Вот это понятно сказал. Все, как есть. И Альтафи закрепил в своей памяти эти слова, как будто они и впрямь были словами всего государства. Само государство, впрочем, тоже не скрывало, что времена настали тяжкие. Перед нами, говорил Сталин, стоит Такой вопрос: жить или не жить. И государство ответило твердо: наше дело, сказало оно, правое; враг будет разбит, победа останется за нами. Все это глубоко отпечаталось в молодой памяти Альтафи как непреложная и единственная правда. Поэтому он никогда не вешал носа. Трудно — значит трудно. Но вот растираться по утрам мокрым полотенцем, это уж — извините!..
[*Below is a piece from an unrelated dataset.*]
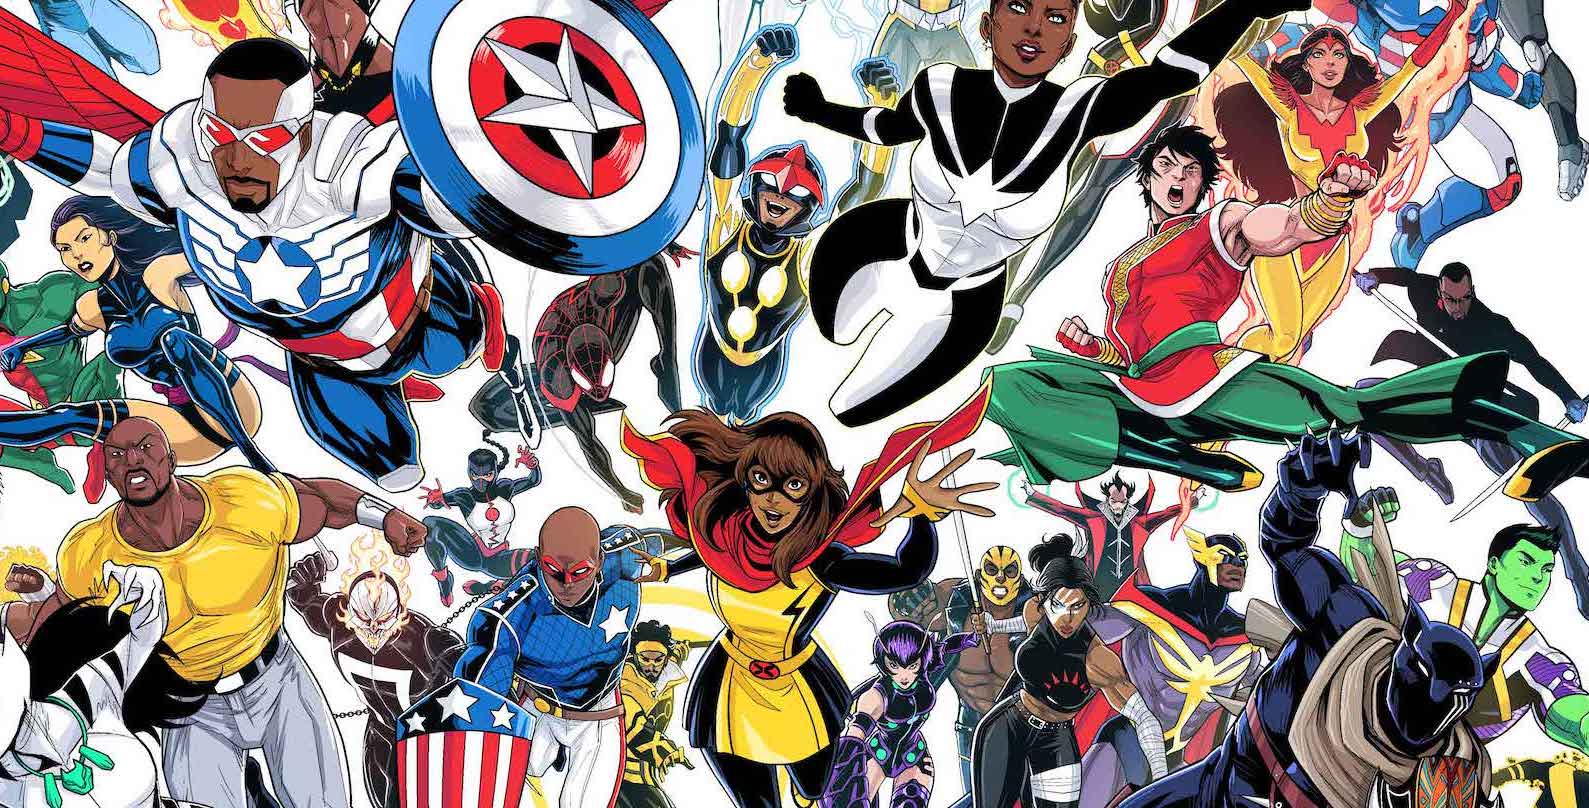 Get a closer look at 'Marvel's Voices: Avengers' #1

Таким примерно образом размышлял Альтафи, перелистывая тетради младшего брата и сестренки. В руки ему попалось вдруг что-то похожее на блокнот, из желтоватой оберточной бумаги, раскрыл — «Шефский дневник ученика шестого класса Халимова Джауда́та». Альтафи начал читать: «Кличка подшефной лошади — «Осоавиахим». Сколько лет — девять. Цвет лошади — буланая. Место в конюшне — стойло № 15. Отношение к военной службе — РККА. Сколько копыт подковано — два. Состояние зубов — хорошее…»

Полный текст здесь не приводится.